Viñas précise que, pour approuver les travaux, une majorité simple « des participants à la réunion » suffit de l'assemblée générale des propriétaires. « Si dans une communauté de 20 propriétaires, huit sont présents, cinq sur trois prendront la décision », donne-t-il en exemple. Bien entendu, il rappelle qu'une double majorité doit être réunie pour que le vote soit valable : en plus de recueillir le plus grand nombre de voix, Ils doivent également représenter la majorité des coefficients de copropriété.
Le processus – auquel il faut ajouter le choix d’un budget – n’est généralement pas agile. « La décision finale prend du temps. À partir du moment où les informations sont données pour avancer avec une proposition, il faut compter huit à 12 mois.» Viñas calibre.

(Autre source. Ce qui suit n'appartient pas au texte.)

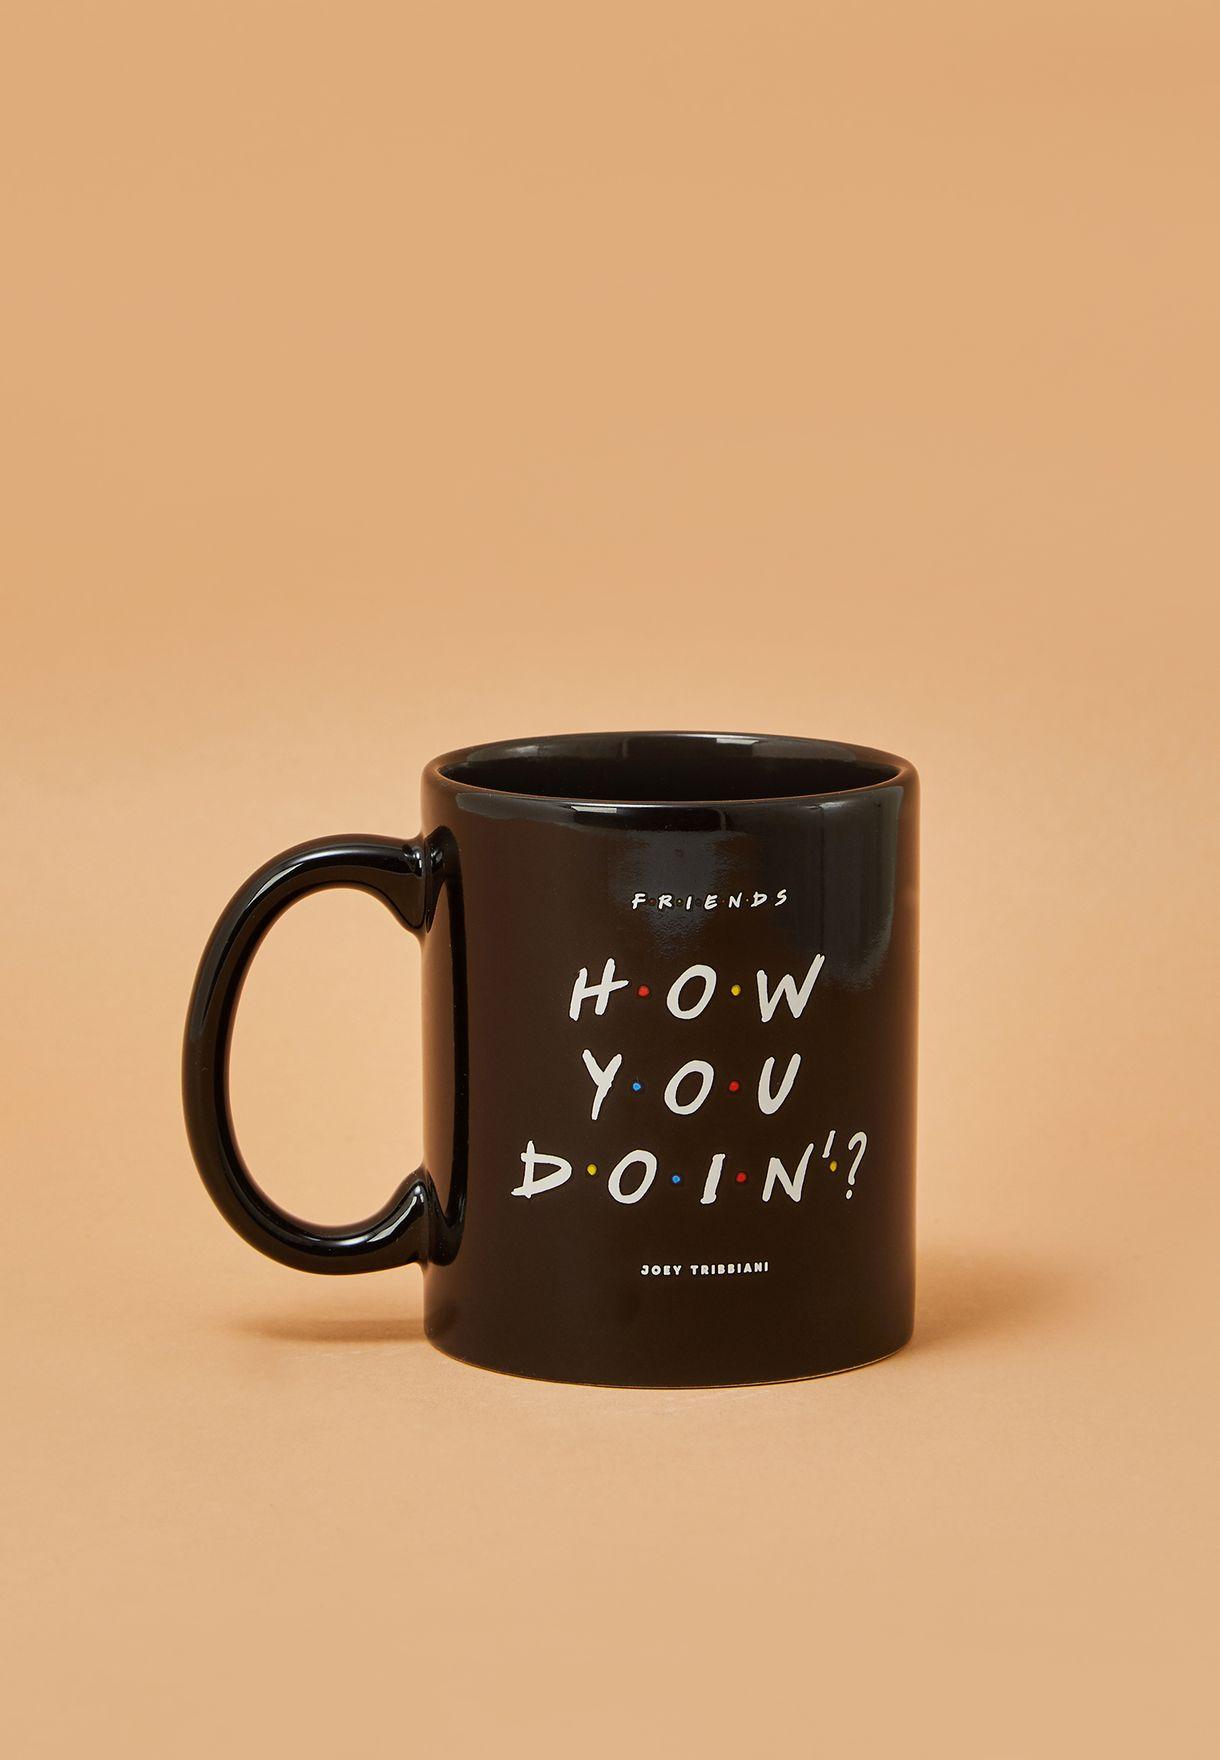 How You Doin Friends Mug

Deux ascenseurs dans un immeuble résidentiel, à Barcelone. /JORDI OTIX
L'instruction technique récemment publiée allègue que La réglementation précédente est devenue « dépassée ». L'incorporation d'« unités dotées de nouvelles avancées technologiques » se démarque, ce qui menace d'élargir les différences entre les appareils si des conditions minimales communes ne sont pas imposées. En ce sens, il prévient qu'une partie du parc existant ne bénéficierait pas de « l'augmentation de la sécurité des ascenseurs nouvellement installés » s'il n'y avait pas de réglementation.
« Il est nécessaire, Il existe des installations qui, bien qu'elles réussissent les inspections, nécessitent un contrôle plus strict», dit Viñas. Piñero affirme que le décret « apporte plus de responsabilités au propriétaire, plus d'exigences à l'installateur et plus de sécurité à l'ascenseur ». Pour le concrétiser, il existe environ 150 entreprises enregistrées en Catalogne. « Il a fallu du temps pour l'appliquer car sinon, le secteur ne pourrait pas l'absorber », reconnaît le président du syndicat.